Jillian Fitzpatrick | Mud Bath
New Statue, Brunswick East, Naarm.

Mud Bath was my first solo exhibition, a friend of mine asked me to put it on in her shop, at the time I was only making grymoss to raise money for NATSILS for something to do to keep my hands busy during lockdown. I hadn’t done a single painting in years (art school trauma) and thought I never would again, I was committed to being a fiber artist. But after Tilly asked me to do the show, I felt inspired to show some paintings alongside my grymoss. I’d been living in North Warrandyte during lockdown and working in bush crew along waterways in the North Eastern suburbs and was back at uni studying Environmental Science, a breath of fresh air really. Living and working along the Yarra, I began learning about the eels that inhabit it. Growing up in Moe, I encountered eels relatively often, one time stepping on one in the gutter when I was trying to post a letter.
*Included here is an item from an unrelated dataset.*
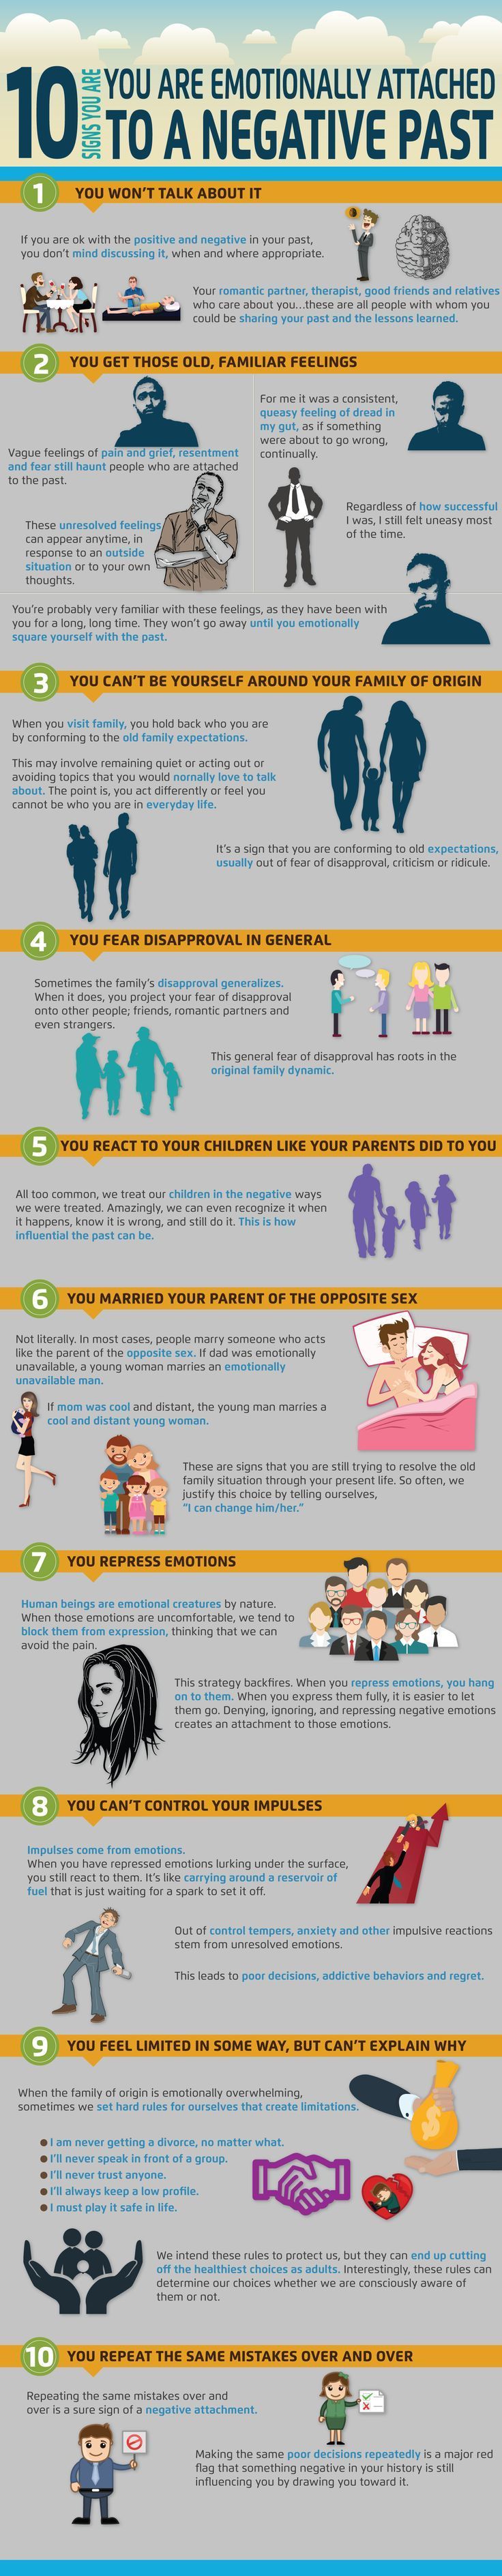 1568703774_522_Psychology-Infographic-10-Signs-You’re-Attached-to-the-Past Psychology Infographic : 10 Signs You’re Attached to the Past (Infographic)
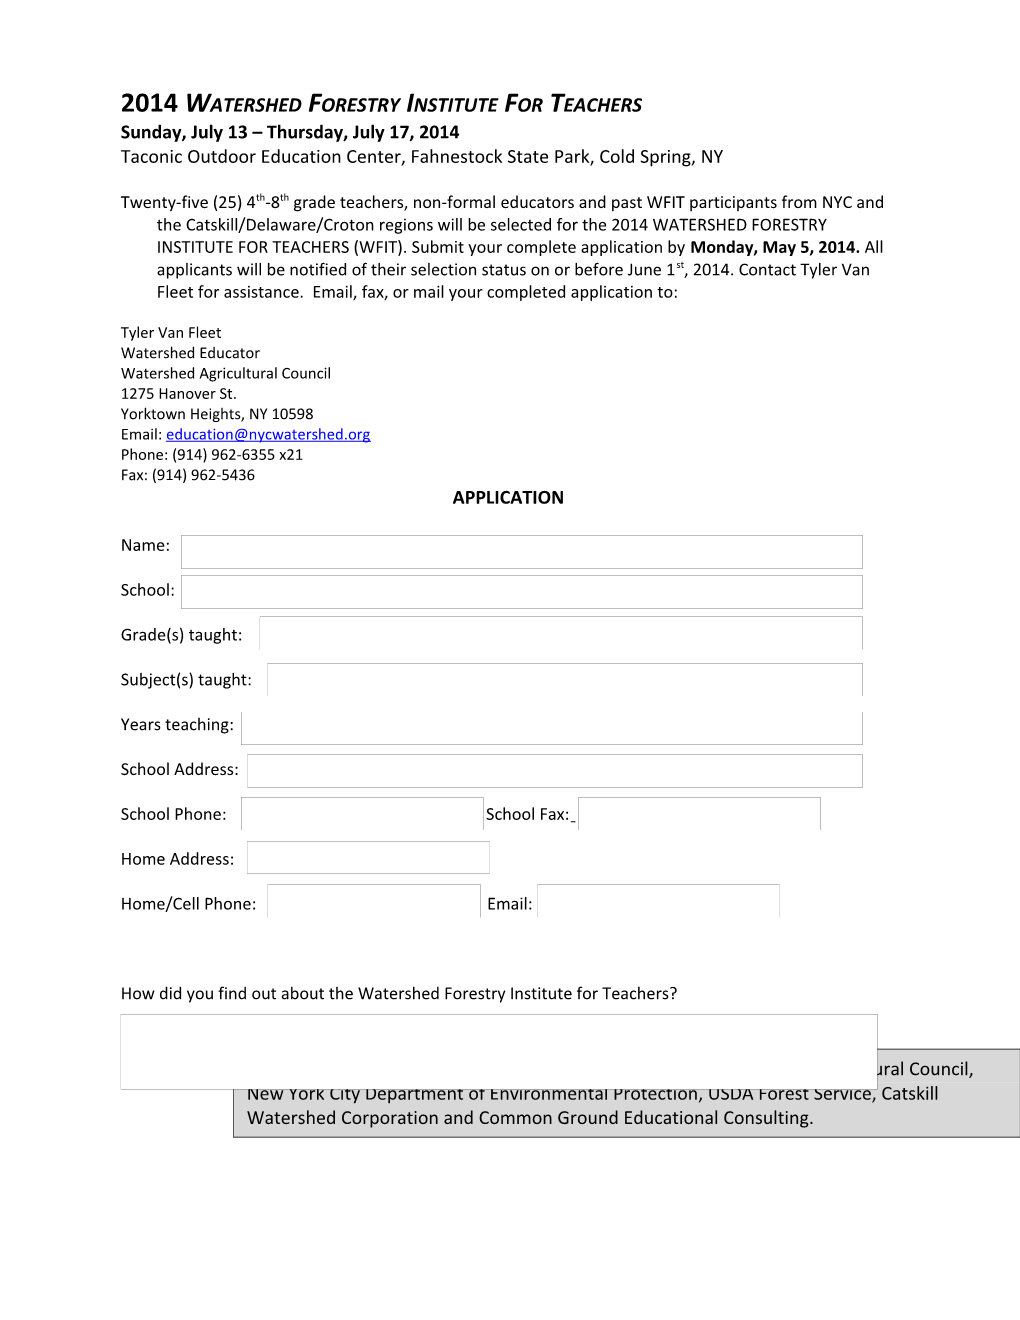 2002 2003 GREEN CONNECTIONS Application Form

I think that experience really turned me off eels and I was terrified of them brushing against my legs when going for a swim. But with all fears I find you just need to learn about the thing you’re afraid of and it goes away. I don’t know when it exactly happened, somewhere between the Wurudjeri luk (eel) traps and the eel pit at the secret swimming spot I became very fascinated and obsessed with these animals. I felt connected with them and I wanted to feel one brush against my leg when going for a swim, excited to feel something else there in the muddy Yarra water with me. I think I was quite lonely during lockdown and maybe resonated a little with the eels. The smell of mud and anoxic sediment gave me comfort and this world I was creating for myself in my 5 km radius of North Warrandyte with the eels, mud and my grymoss, sewing their little eyelids on until my hands were sore. Anyway, I decided to paint some eels, it only felt right, I didn’t know what else to paint about at that time. And a darter bathing, looking back it feels like a kind of renewal for me, a shift in the way I think about painting or approach painting. A literal and figurative mud bath, washing away the writhing feelings of grief, the loss of friends, change and the uncomfortable feelings of your early twenties everyone can relate to.